OGH 6Ob319/99a

OGH6Ob319/99a30.8.2000

Der Oberste Gerichtshof hat durch den Hofrat des Obersten Gerichtshofes Dr. Schiemer als Vorsitzenden sowie die Hofräte des Obersten Gerichtshofes Dr. Steinbauer, Dr. Huber, Dr. Prückner und Dr. Schenk als weitere Richter in der Pflegschaftssache des mj. Richard Jan Robert K*****, geboren am 22. März 1985, über den Revisionsrekurs des Minderjährigen, vertreten durch seine Mutter Dipl.Ing. Jana K*****, diese vertreten durch Dr. Isabelle Dessulemoustier-Bovekercke, Rechtsanwältin in Wien, gegen den Beschluss des Landesgerichtes für Zivilrechtssachen Wien als Rekursgericht vom 29. September 1999, GZ 43 R 559/99w-238, mit dem der Beschluss des Bezirksgerichtes Josefstadt vom 13. April 1999, GZ 16 P 11/96g-218, bestätigt wurde, den

Beschluss

gefasst:

 

Spruch:

Dem Revisionsrekurs wird nicht Folge gegeben.

Text

Begründung

Die Ehe der Eltern des Minderjährigen, der ua die österreichische Staatsbürgerschaft besitzt, wurde mit Urteil des Arrondissementgerichtes in Utrecht vom 17. 11. 1993 geschieden.
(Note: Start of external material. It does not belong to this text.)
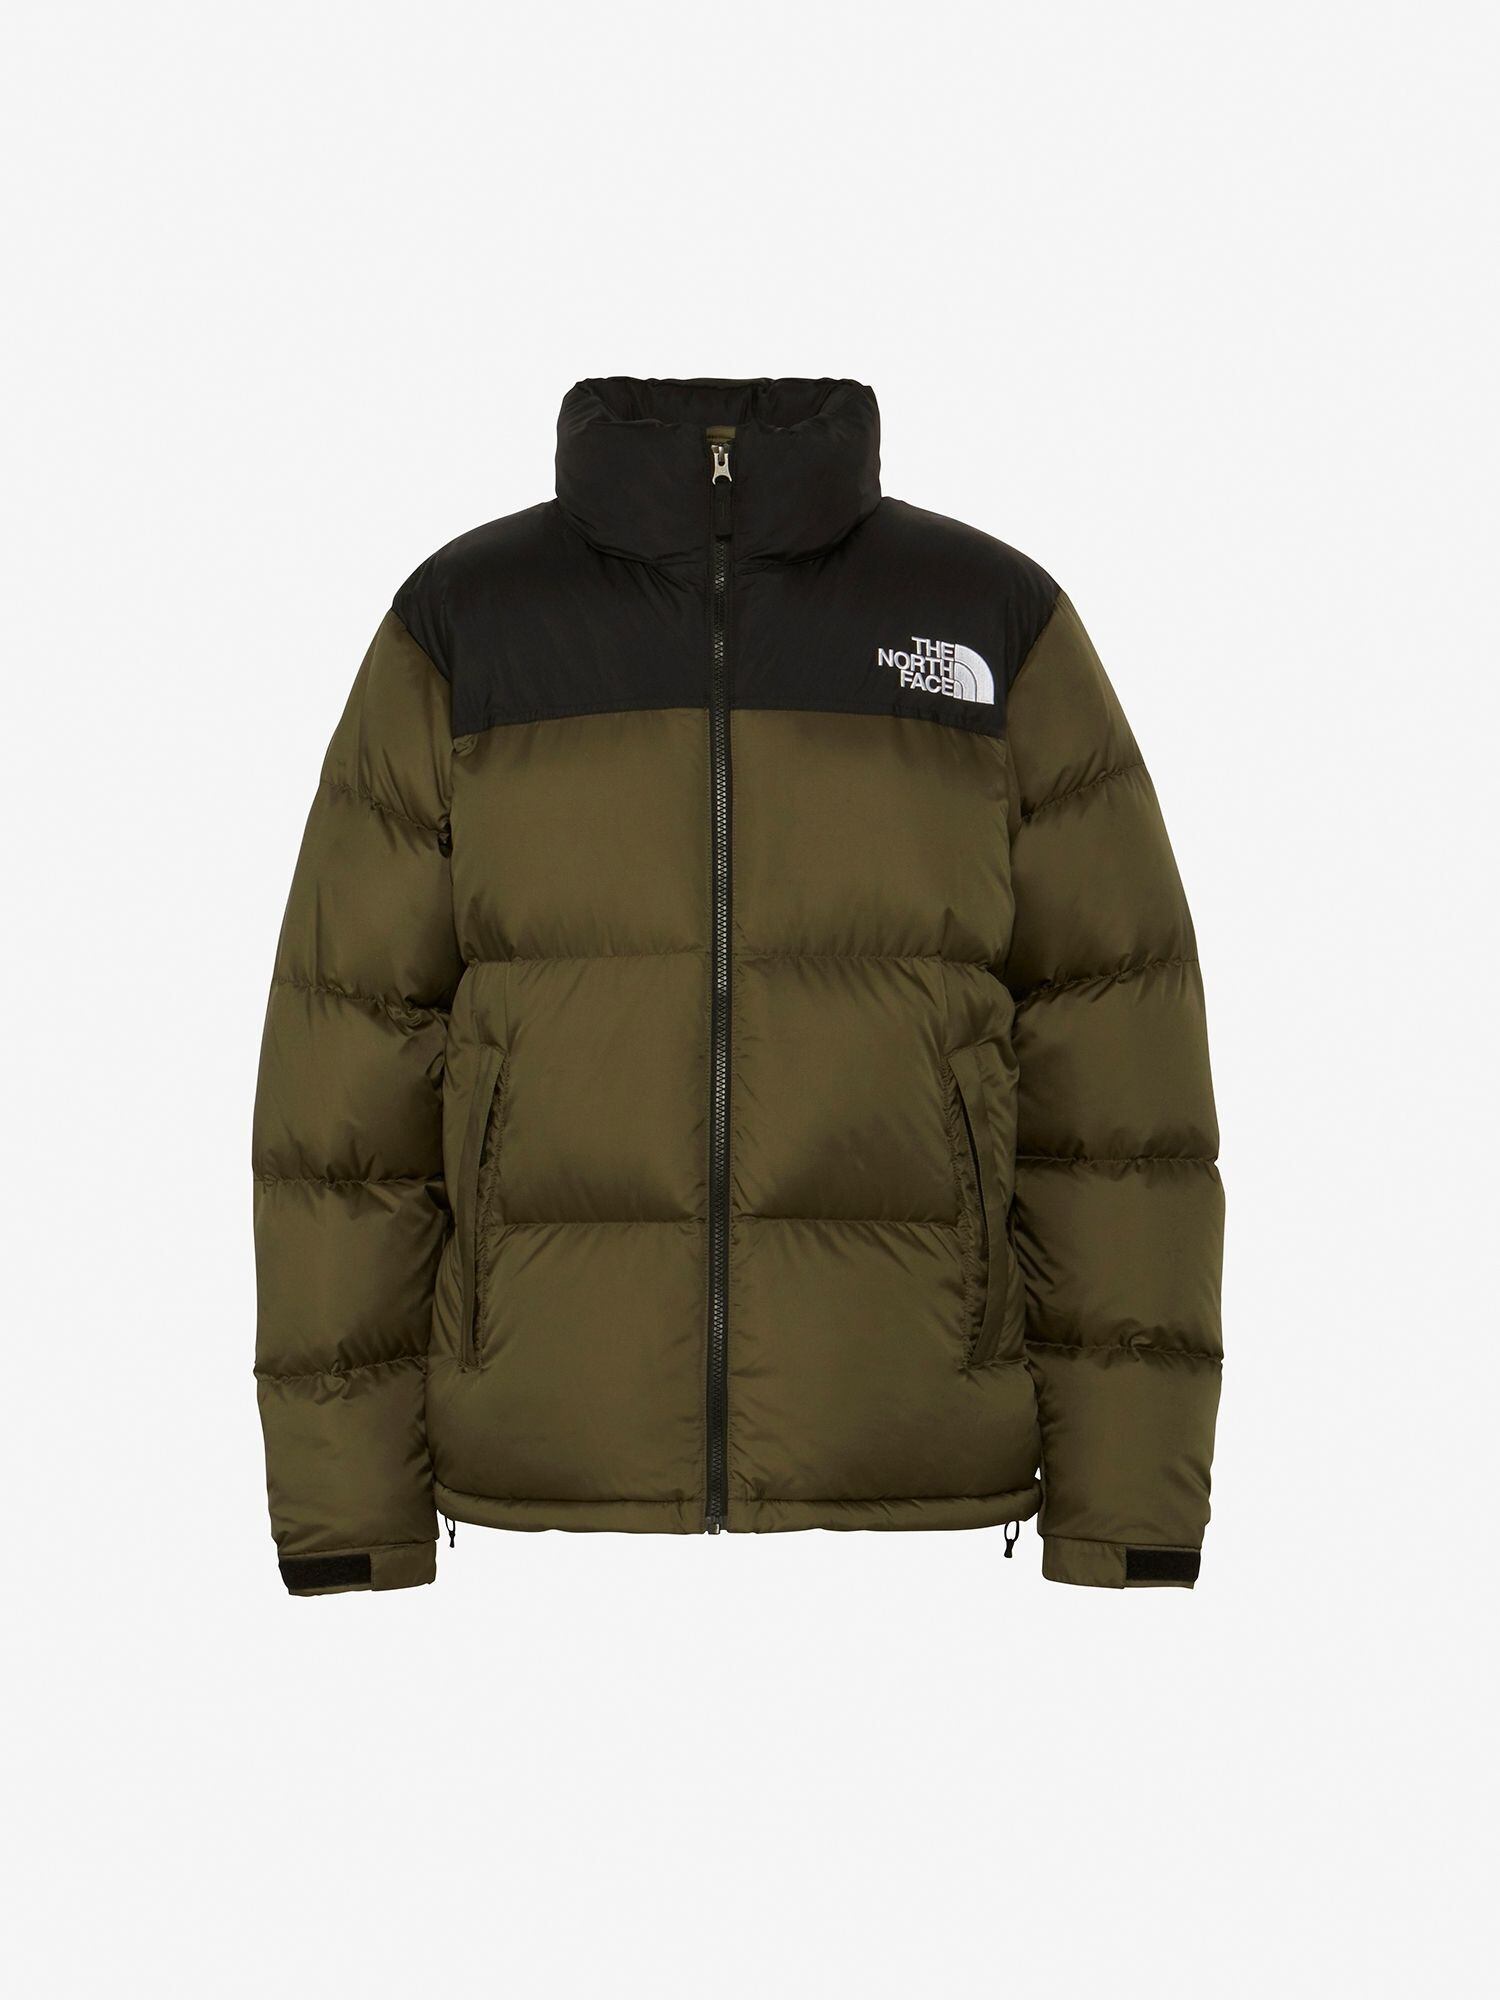 THE NORTH FACE / NUPTSE JACKET（ND92335） | st. valley house
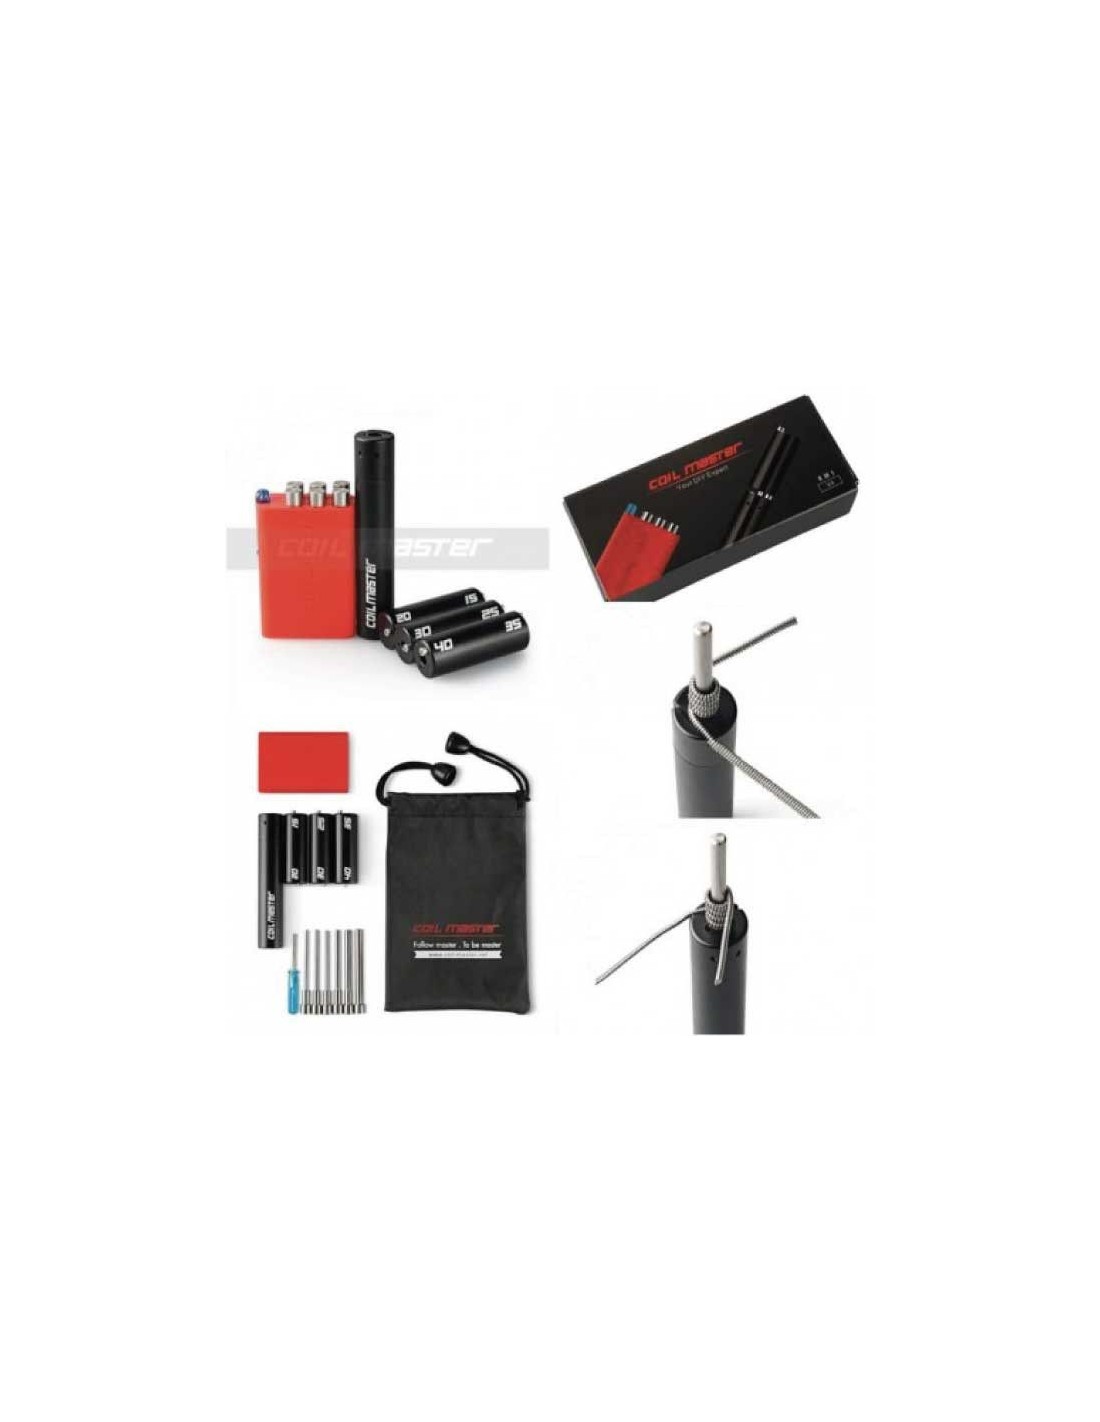 Coiling Kit V4 by Coil Master - for creating Resistances

Die (ua) gegen den Scheidungsausspruch gerichtete Berufung der Mutter wurde insoweit mit Entscheidung des Gerichtshofes in Amsterdam vom 23. 1. 1997 zurückgewiesen. Die Mutter, der aufgrund des Beschlusses des Erstgerichtes vom 6. 4. 1995 ON 111 die Obsorge zusteht, zog mit dem Kind nach Österreich. Der Vater ist niederländischer Staatsangehöriger, wohnt weiterhin in den Niederlanden, und ist pensionierter UNO-Angestellter. Neben seinen Pensionsbezügen erhält er einen in den Pensionsabrechnungen als "child's benefit" gesondert ausgewiesenen Geldbetrag. Seit März 1998 wird dieser nicht mehr ihm, sondern dem Magistrat der Stadt Wien (AJF) als Unterhaltssachwalter des Kindes gemäß § 9 Abs 2 UVG überwiesen.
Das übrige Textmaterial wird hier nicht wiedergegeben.